The company said the court motions affect 4,000 salaried and 7,000 hourly retirees and their dependents enrolled in company-sponsored retiree medical benefit programs. The union said more than 20,000 retirees would be affected. There was no immediate explanation for the dissimilar figures. 

The motions come a month after the government's pension insurance program said it would take control of a Kaiser retirement plan for salaried workers that has 5,000 participants and is underfunded by $268 million. 
The latest move apparently seeks to extend that to hourly workers, a Steelworkers official said. 

Monday's filing asks court approval for a distress termination of the company's retirement benefits, turning over the plans to the government's Pension Benefit Guaranty Corp. 

The federal corporation guarantees participants' vested pension benefits up to certain limits, typically less than originally offered by companies. 
The contracts cover collective bargaining agreements with unions such as the United Steelworkers of America and the International Association of Machinists for plants in Trentwood and Mead, Wash.; Gramercy, La.; Newark, Ohio; Sherman, Texas; Tulsa, Okla.; and Richmond. Va. 
Hockema and Kaiser will continue to discuss possible compromises with the unions. 

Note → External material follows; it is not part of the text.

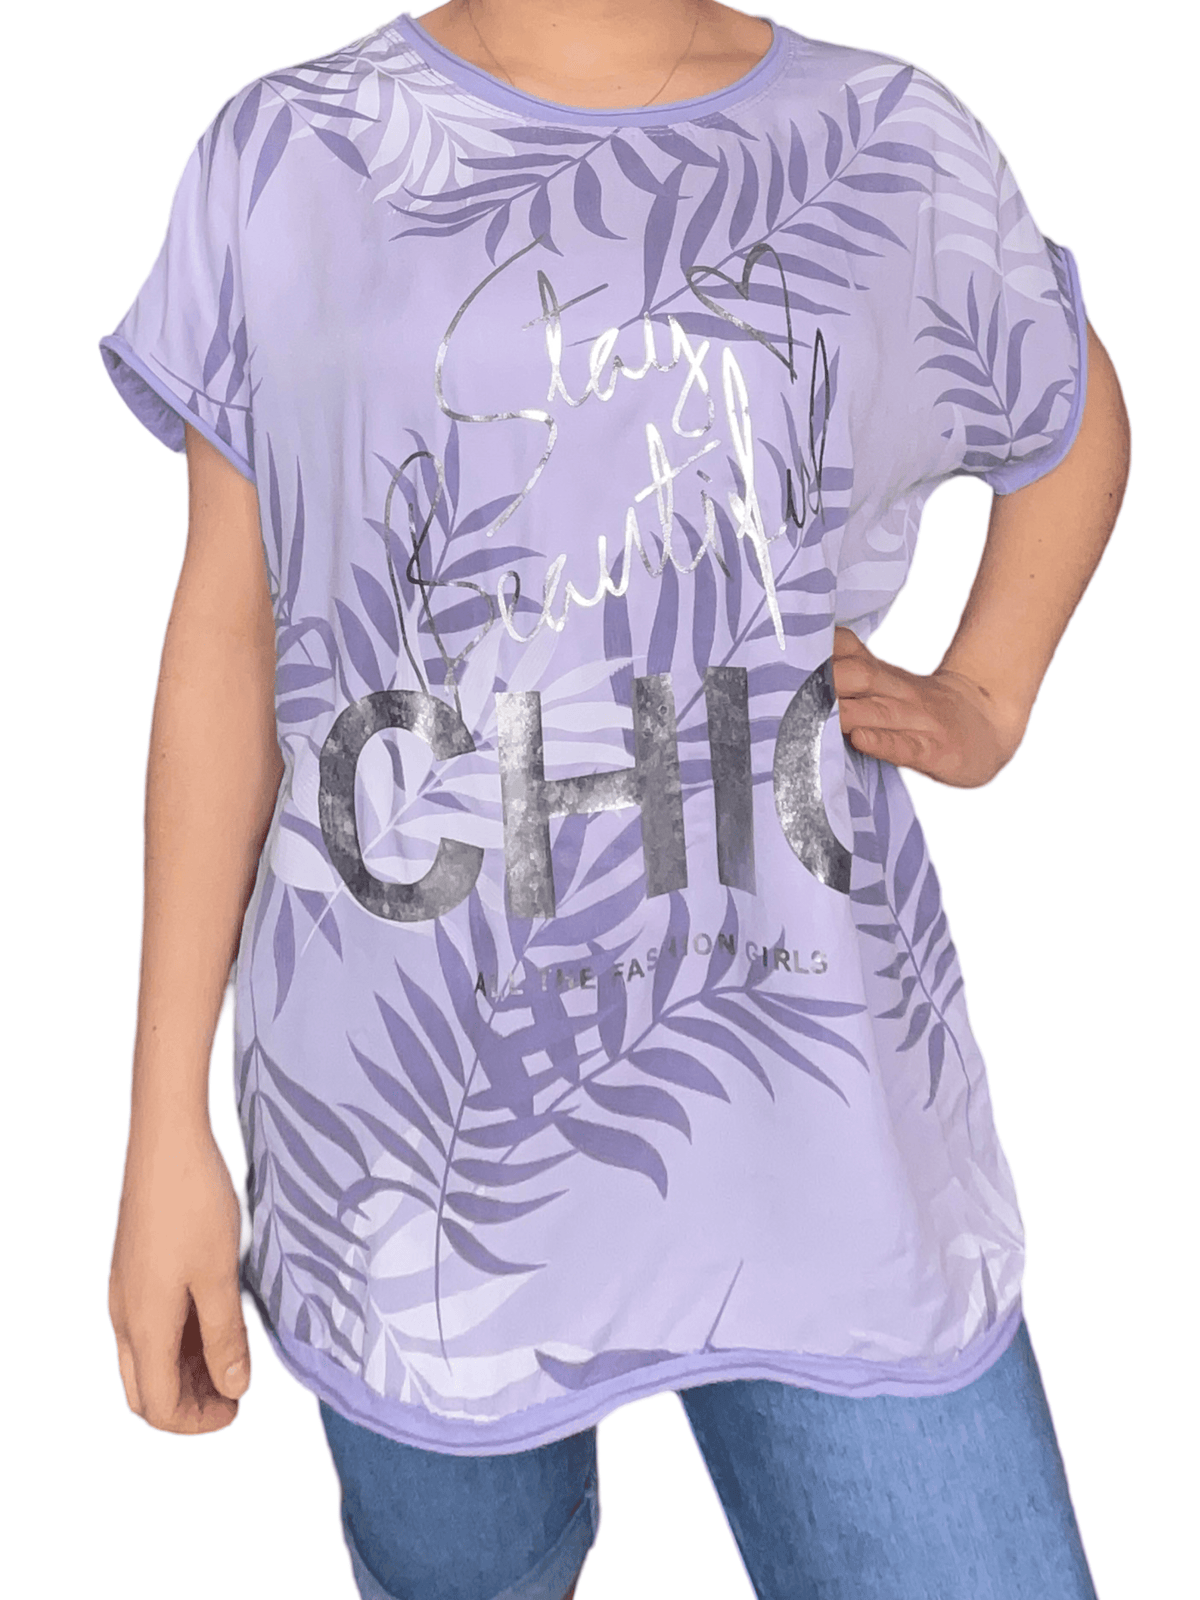 T-shirt lilas pour femme avec imprimé de feuilles porté over size.

The motions address the defined benefit pension plan, and no other changes are anticipated in labor contracts, Hockema said. 

Kaiser filed for bankruptcy protection in 2002, and stopped making payments to its pension plans in 2003. It is trying to sell some assets to settle creditor claims and emerge from bankruptcy later this year. 
Kaiser has a total of 25,000 retirees around the country.